In the past, an embedded 80x86 or Pentium target normally implied some unique Single Board Computer (SBC) being software compatible with nothing but the CPU itself. These SBCs were very expensive and not at all fast - at least when compared to the contemporary PCs of that time. The peripheral chips would often vary between boards, and if there were any commonalities between the boards, you could almost rely on the wiring and interrupt routing being different. All this meant that new board support packages had to be configured when changing target boards. 

Today, an embedded 80x86 or Pentium target is very often PC compatible, which means that they can share board support packages. Thanks to the developments in micro-electronics, these boards have become very compact - down to credit card size or even smaller.
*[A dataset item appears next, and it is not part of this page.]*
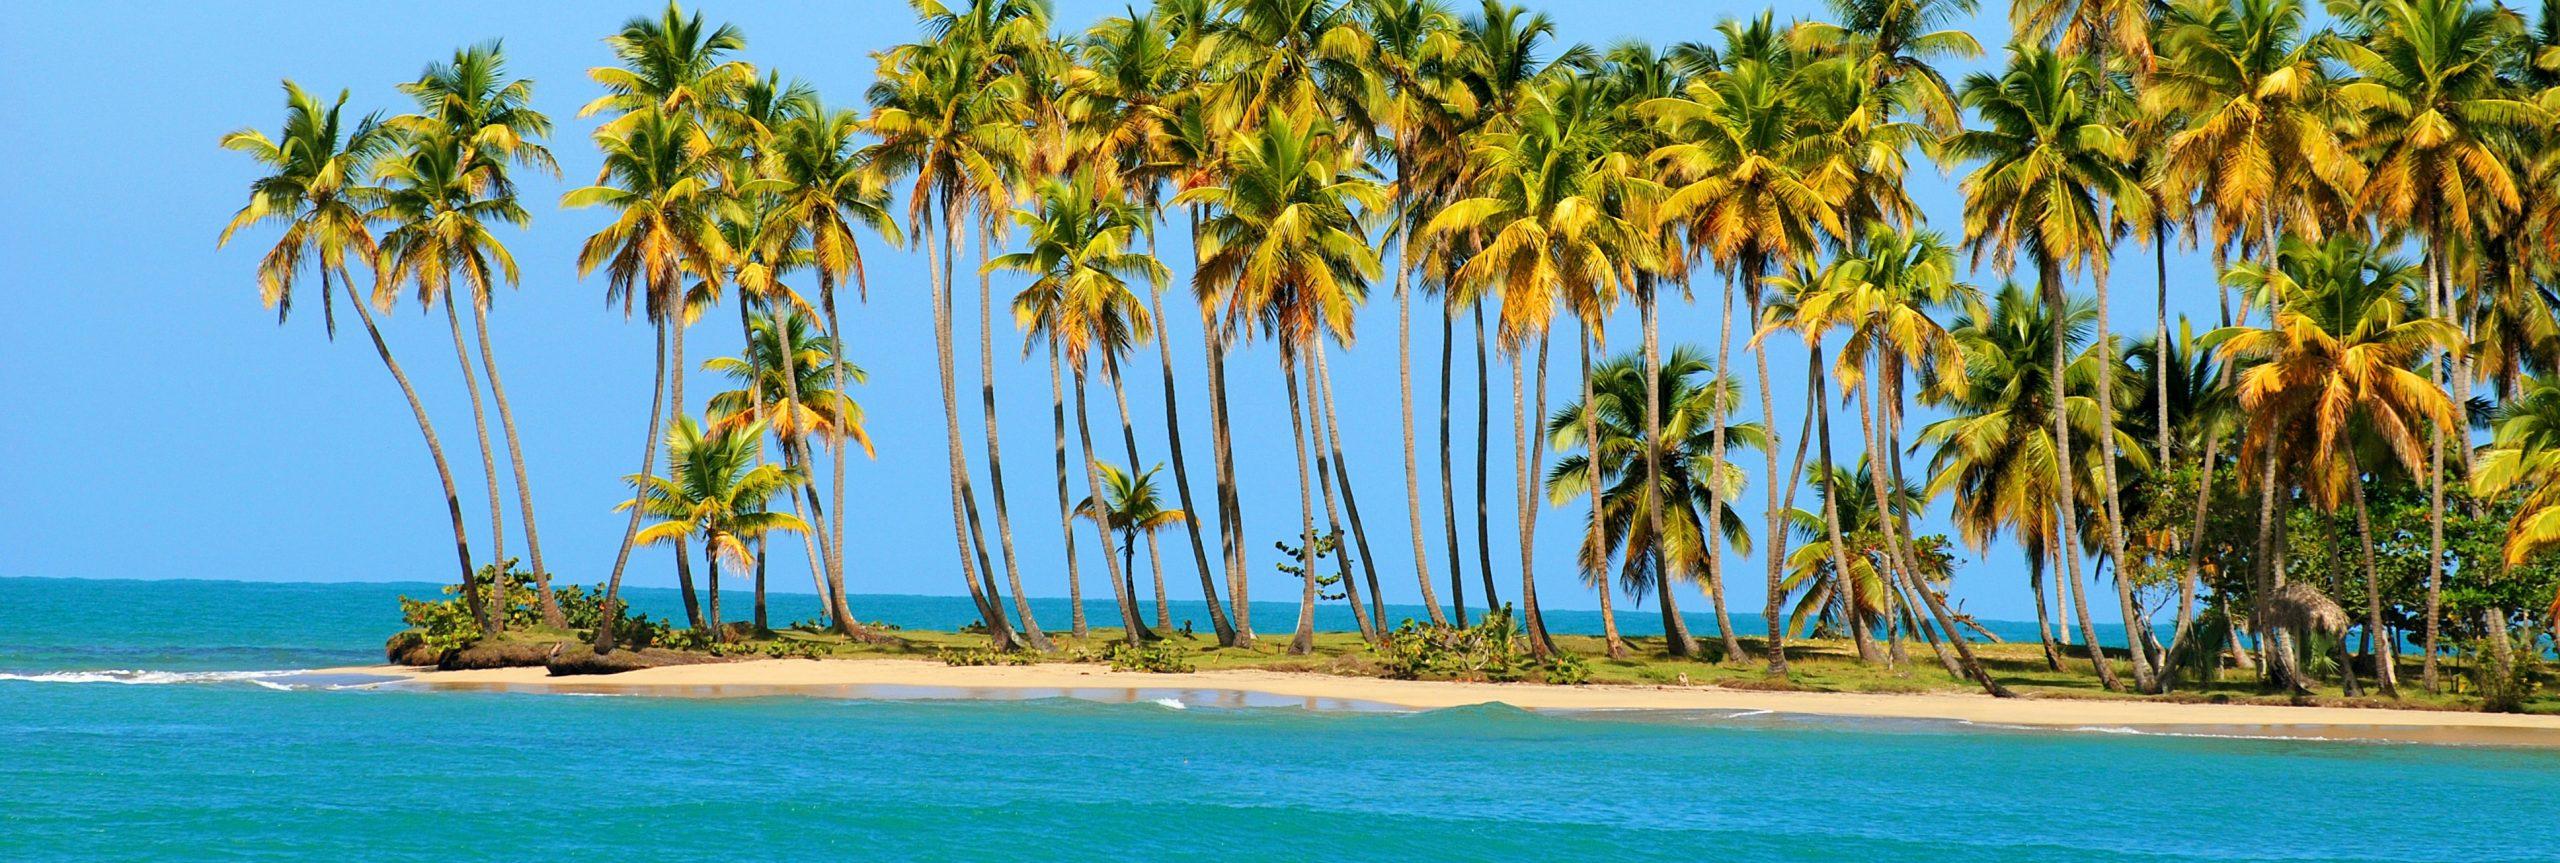 Dominicaanse republiek - bountystranden - De Planeet Reizen

DDC-I's PC/Bare solution helps you take full advantage of this evolution. Let's first establish what exactly PC/Bare really consists of:

User Configurable Code (UCC) or Board Support Package 
The UCC allows you to link an application to execute on a PC without the interference of the BIOS or any other component. I.e. the code will execute in real-time.

Debug Monitor on Bootable Diskette 
The bootable debug monitor diskette allows you to boot any PC with a floppy drive into the DDC-I Debug Monitor. This way you can debug embedded style applications on any standard PC.

Disk Load Tool 
This tool allows you to load the memory image of an executable program (as generated by the linker) from disk into the PCs RAM and start executing it - again without any DOS or BIOS interference.

Boot Diskette Creator 
This tool allows you to create a bootable diskette with your application. Booting from this diskette will load the application into RAM and start executing it - as always with PC/Bare without any DOS or BIOS interference.

Thus, PC/Bare enables you to link embedded applications to be executed on a standard PC. This can be most useful, for example in the early phase of a project, when the actual target hardware may not be available to all programmers. Using a standard office PC with PC/Bare you can code, debug and test algorithms using the exact same run-time system and compiler as you will eventually use for the embedded target because you have now turned the PC into an embedded target. Native compilers are often used for this purpose, but that may give a false sense of security because the code and run-time system will be different.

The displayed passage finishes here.